The Film
Charlie Chaplin took his time coming around to the world of talking pictures, not directing his first all-talkie until almost a decade-and-a-half after the era began. But with that film, 1940’s The Great Dictator, Chaplin sure had something to say. A direct attack on the person of Adolf Hitler made at a time when the United States was still firmly isolationist and a number of European countries were in appeasement mode, the film is bold, if a little clumsy, and in hindsight, more than a little problematic.
Chaplin himself declared he would’ve never made the film if he had known the true atrocities of the Holocaust being perpetrated when he made it. That puts him in a better position than Roberto Benigni, whose comic stylings of the Holocaust in Life is Beautiful come with no such caveat. Still, The Great Dictator treads some uncomfortable territory with its juxtaposition of slapstick and references to concentration camps and ghettos.

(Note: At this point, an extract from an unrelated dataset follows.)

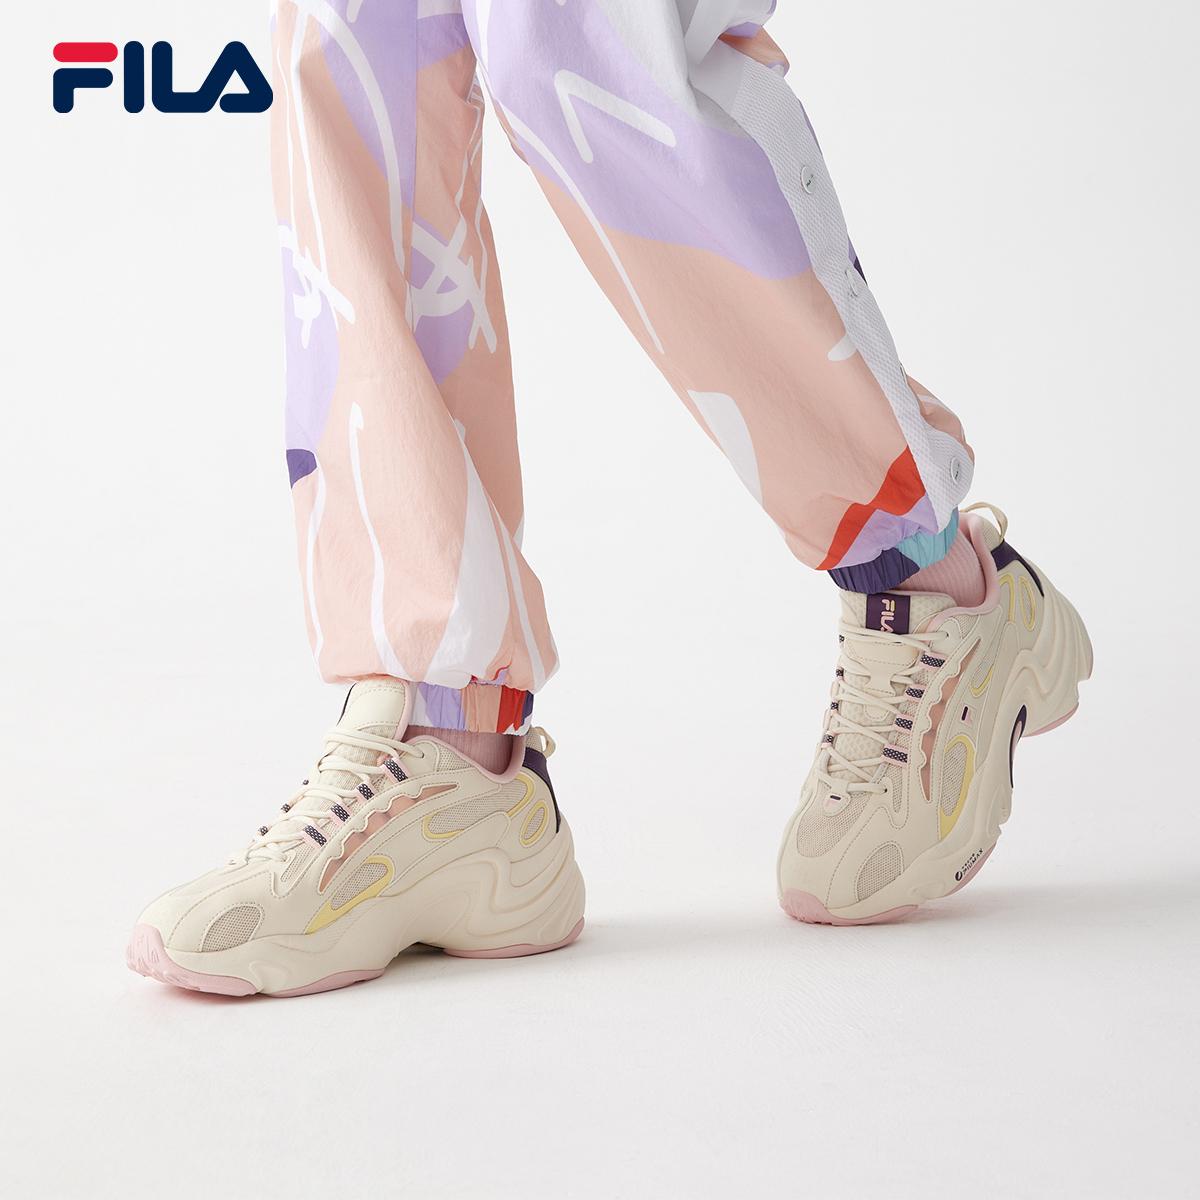 FILA FUSIONสตรีรองเท้าวิ่งย้อนยุค2021ฤดูใบไม้ผลิและฤดูร้อนใหม่เสือดาวรองเท้ากีฬารองเท้าเก่า

It’s also not a very effective satire. The film’s portrayal of Hitler stand-in Adenoid Hynkel, the dictator of Tomania, mostly relies on scenes of blustering speeches, given in a ridiculous faux-German dialect, peppered with “sauerkrauts” and “wienerschnitzels.” Is a snickering depiction of how silly German sounds really the most withering attack you can mount?
That’s not to say The Great Dictator is without value. Chaplin is adept at playing both the vain, preening Hynkel and the poor Jewish barber living in the ghetto who bears a strong resemblance to him. While the scenes don’t reach the emotional heights of Modern Times, the barber’s romance with Hannah (Chaplin’s wife Paulette Goddard) is still quite charming, and there are a number of sequences that are downright delightful.
It’s somewhat telling though that the film’s best set pieces — a dud shell from a cannon, an upside-down plane ride, Hynkel’s iconic globe dance, the one-upmanship antics between Hynkel and Mussolini cypher Napaloni (Jack Oakie) — would have been perfectly at home in a silent film, or are essentially silent here. Much of Chaplin’s artistry stands on its own without words. Of course, the element of sound makes possible the film’s famous ending — with Chaplin as barber decrying (though not explicitly) the values of Nazism. I’m of two minds about this approach, which lacks elegance, but is so clearly heartfelt, it almost makes up for it.